Data shown ::
☆ ☆ ☆ ☆ ☆

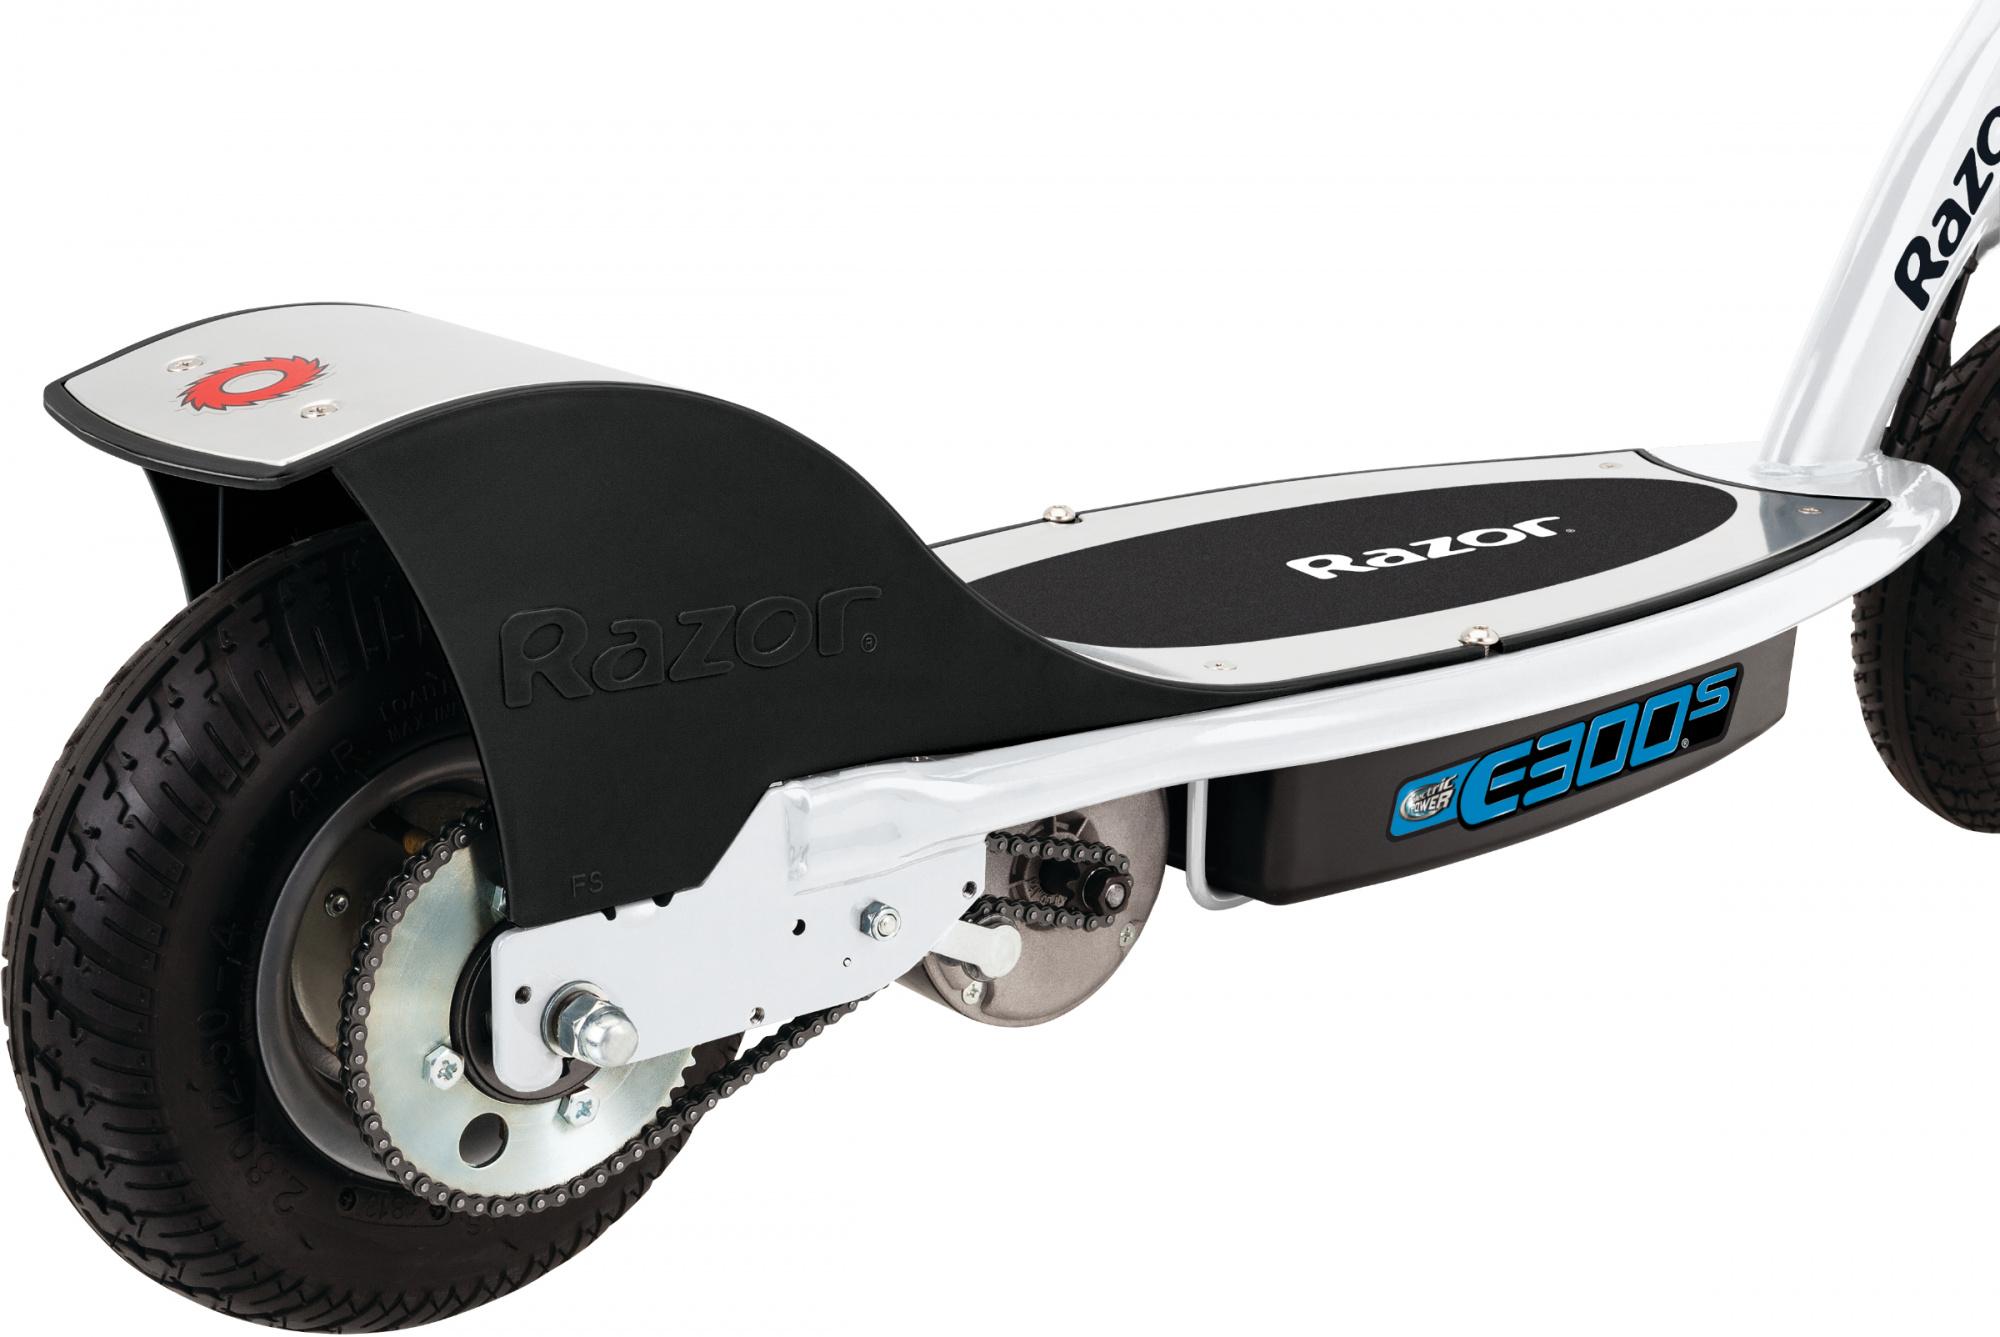 REPLACEMENT INNER TUBE 3.0-4 RAZOR E300 BLADEZ XTR MOBY MINIMOTO SPORT RACER
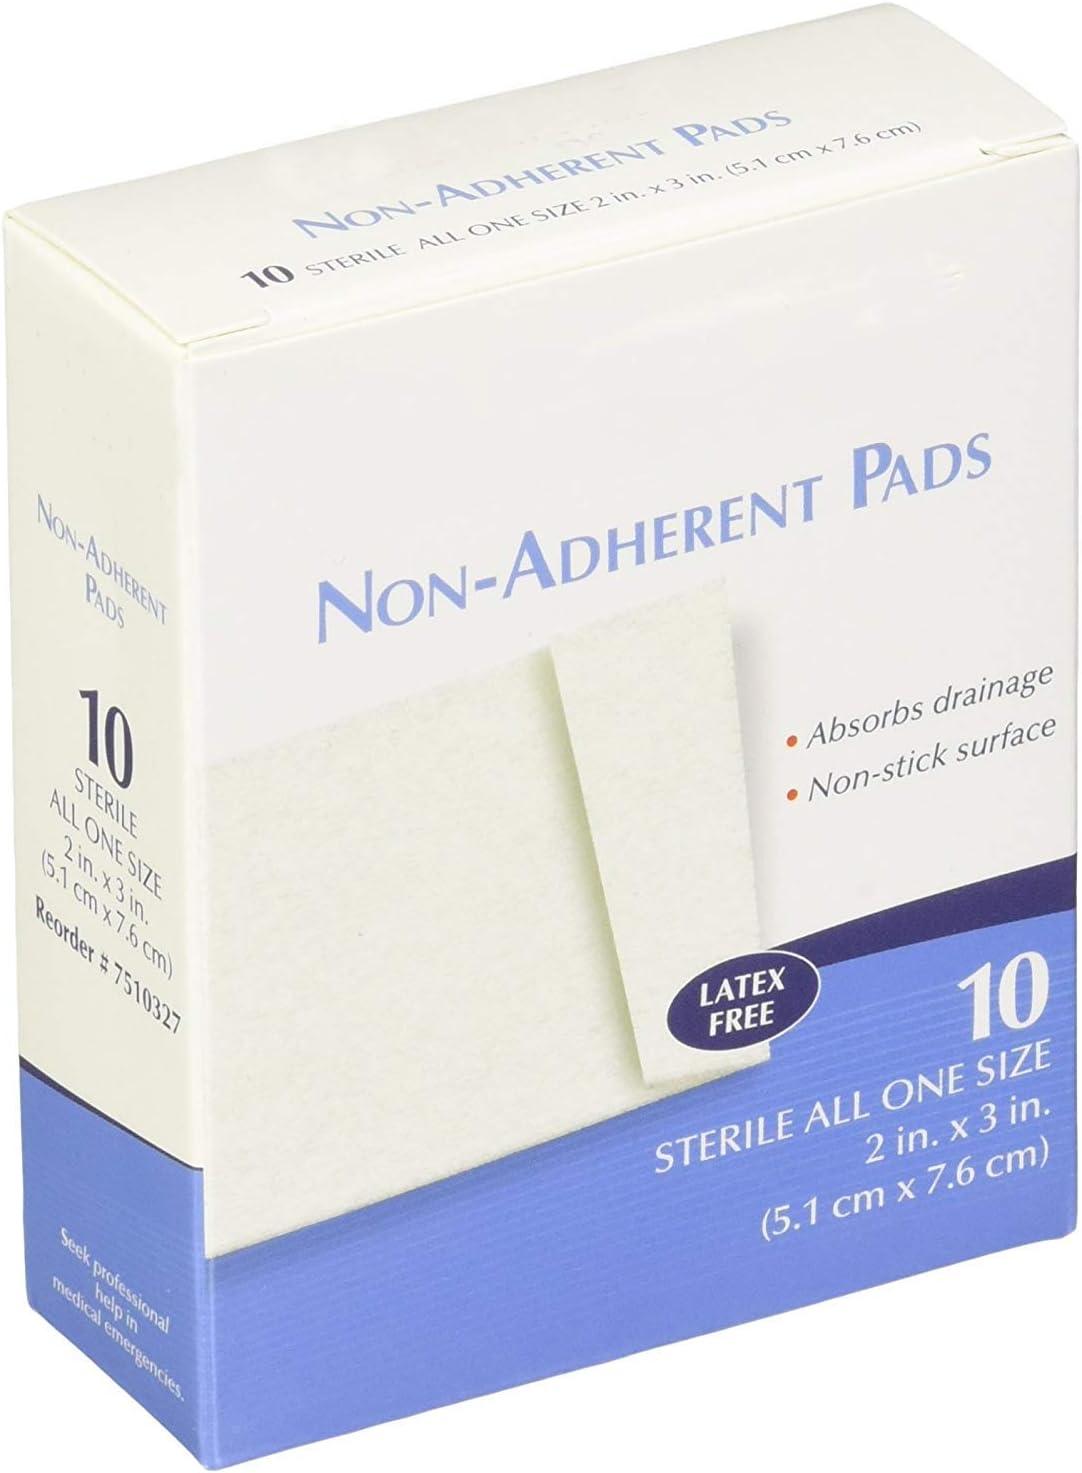 Non-Adherent Pads 2
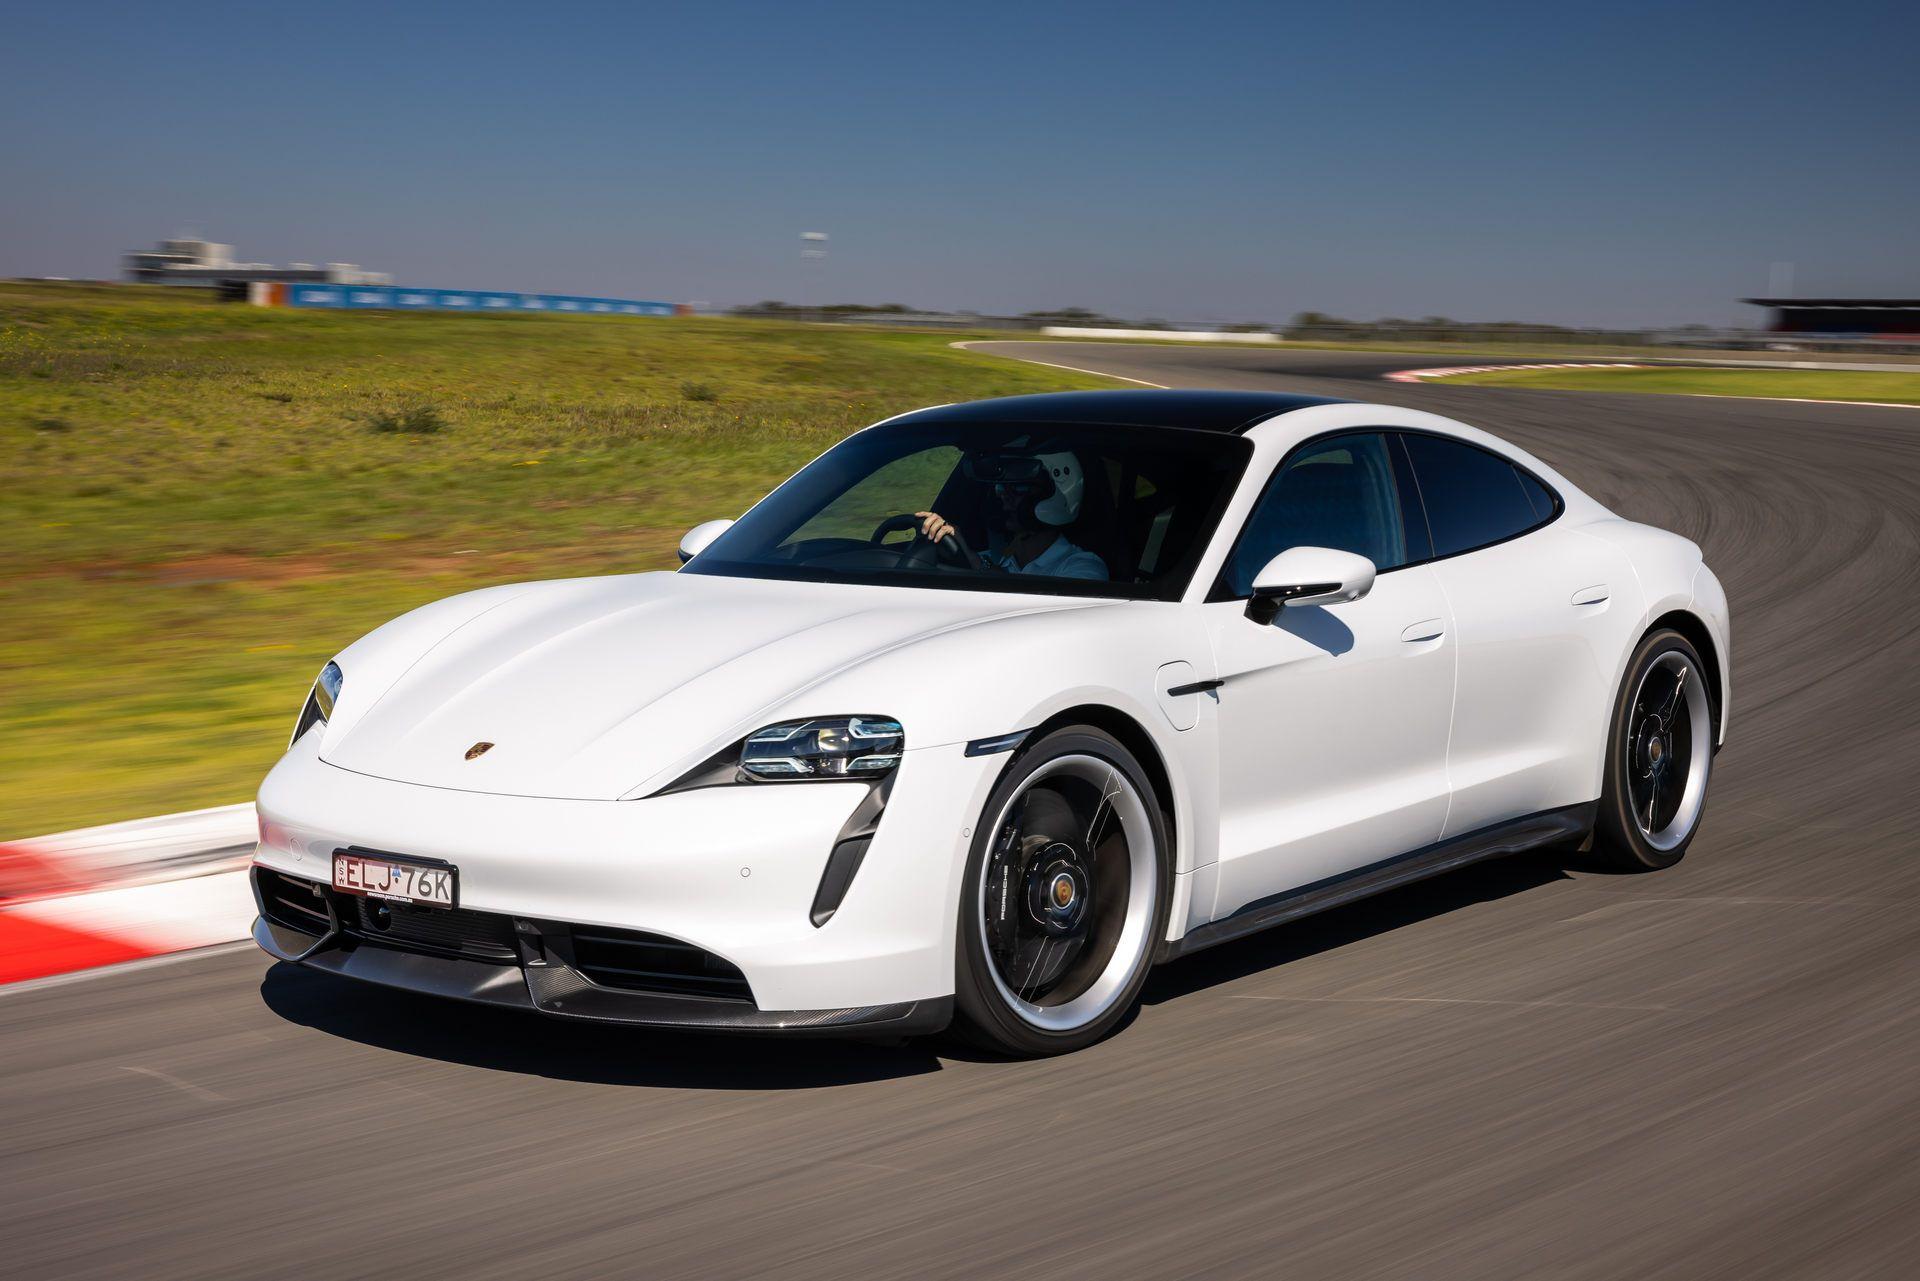 Porsche-Taycan-Turbo-S-The-Bend-Motorsport-Park-44

☆ ☆ ☆ ☆ ☆

Every line from the one containing "Non-Adherent Pads 2" through the end of the listing is to be copied exactly; the pictures are not.

 Non-Adherent Pads 2
 Porsche-Taycan-Turbo-S-The-Bend-Motorsport-Park-44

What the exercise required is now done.